Getting Started with Vega Visualizations in Kibana
Vega declarative grammar is a powerful way to visualize your data. A new feature in Kibana 6.2, you can now build rich Vega and Vega-Lite visualizations with your Elasticsearch data. So, let's start learning Vega language with a few simple examples.

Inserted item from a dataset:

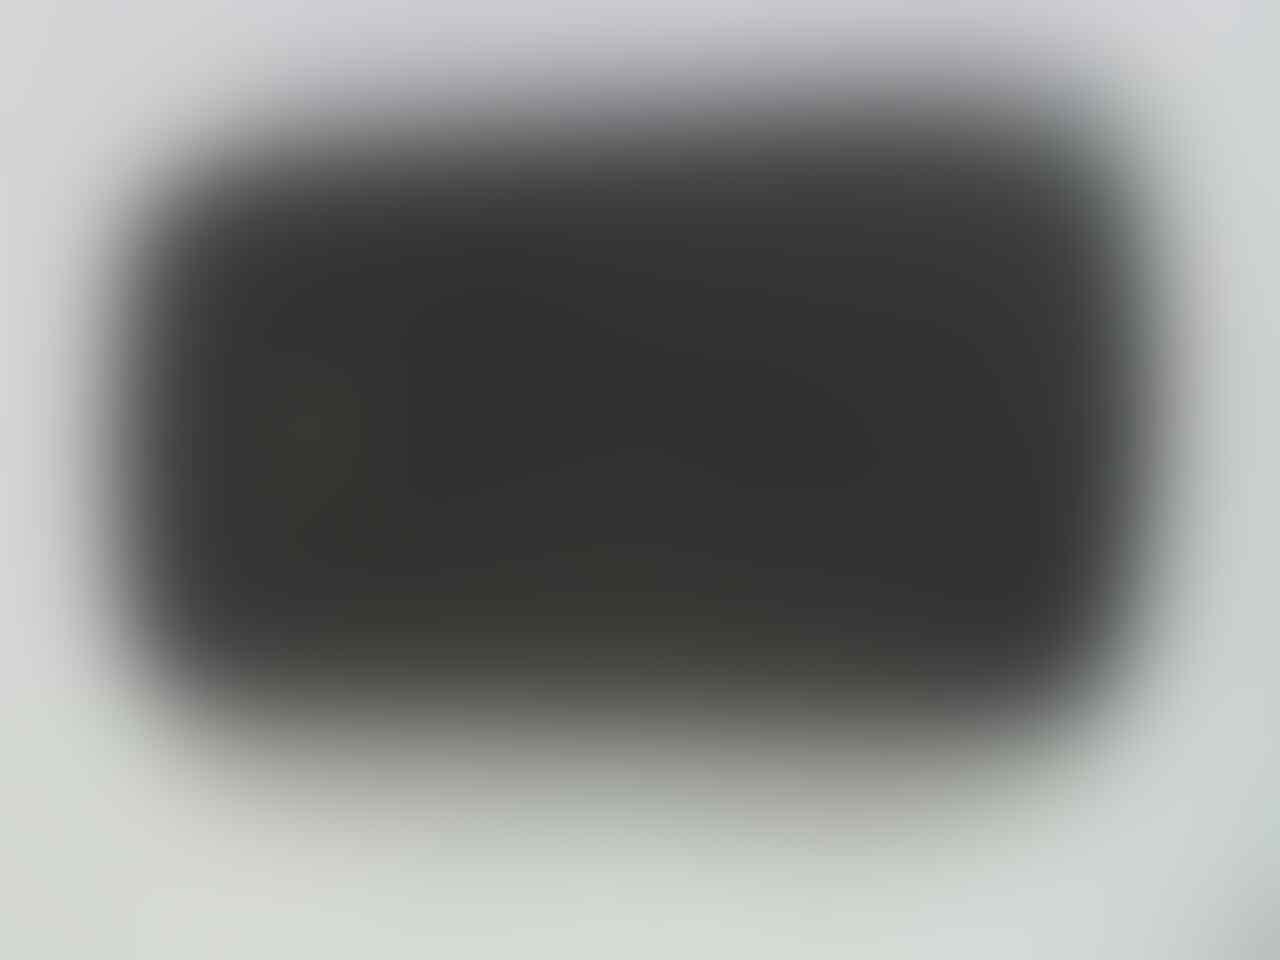 Blackberry Curve 9300 - 3G - GSM - Kepler - Malang

To begin, open Vega editor --- a convenient tool to experiment with the raw Vega (it has no Elasticsearch customizations). Copy the below code, and you will see "Hello Vega!" text in the right panel.
{
"$schema": "https://vega.github.io/schema/vega/v3.json",
"width": 100, "height": 30,
"background": "#eef2e8",
"padding": 5,
"marks": [
{
"type": "text",
"encode": {
"update": {
"text": { "value": "Hello Vega!" },
"align": { "value": "center"},
"baseline": { "value": "middle"},
"stroke": { "value": "#A32299" },
"angle": { "value": 15 },
"x": { "signal": "width/2" },
"y": { "signal": "height/2" }
}
}
}
]
}
The marks block is an array of drawing primitives, such as text, lines, and rectangles. Each mark has a large number of parameters specified inside the encoding set. Each parameter is set to either a constant (value) or a result of a computation (signal) in the "update" stage. For the text mark, we specify the text string, make sure text is properly positioned relative to given coordinates, rotated, and set text color. The x
and y
coordinates are computed based on the width and height of the graph, positioning the text in the middle. There are many other text mark parameters. There is also an interactive text mark demo graph to try different parameter values.
The $schema
is simply an ID of the required Vega engine version. Background
makes the graph non-transparent. The width
and height
set the initial drawing canvas size. The final graph size may change in some cases, based on the content and autosizing options. Note that Kibana's default autosize
is fit
instead of pad
, thus making height
and width
optional. The padding
parameter adds some space around the graph in addition to the width and height.
Data-Driven Graph
Our next step is to draw a data-driven graph using the rectangle mark. The data section allows multiple data sources, either hardcoded, or as a URL. In Kibana, you may also use direct Elasticsearch queries. Our vals
data table has 4 rows and two columns - category
and count
. We use category
to position the bar on the x
axis, and count
for the bar's height. Note that 0 for they
coordinate is at the top, and increases downwards.
{
"$schema":"https://vega.github.io/schema/vega/v3.json",
"width": 300, "height": 100,
"data": [ {
"name": "vals",
"values": [
{"category": 50, "count": 30},
{"category": 100, "count": 80},
{"category": 150, "count": 10},
{"category": 200, "count": 50}
]
} ],
"marks": [ {
"type": "rect",
"from": { "data": "vals" },
"encode": {
"update": {
"x": {"field": "category"},
"width": {"value": 30},
"y": {"field": "count"},
"y2": {"value": 0}
}
}
} ]
}
The rect
mark specifies vals
as the source of data. The mark is drawn once per source data value (also known as a table row or a datum). Unlike the previous graph, the x
and y
parameters are not hardcoded, but come from the fields of the datum.
Scaling
Scaling is one of the most important, but somewhat tricky concepts in Vega. In the previous examples, screen pixel coordinates were hardcoded in the data. While it made things simpler, the real data almost never comes in that form. Instead, the source data comes in its own units (e.g. number of events), and it is up to the graph to scale source values to the desired graph size in pixels.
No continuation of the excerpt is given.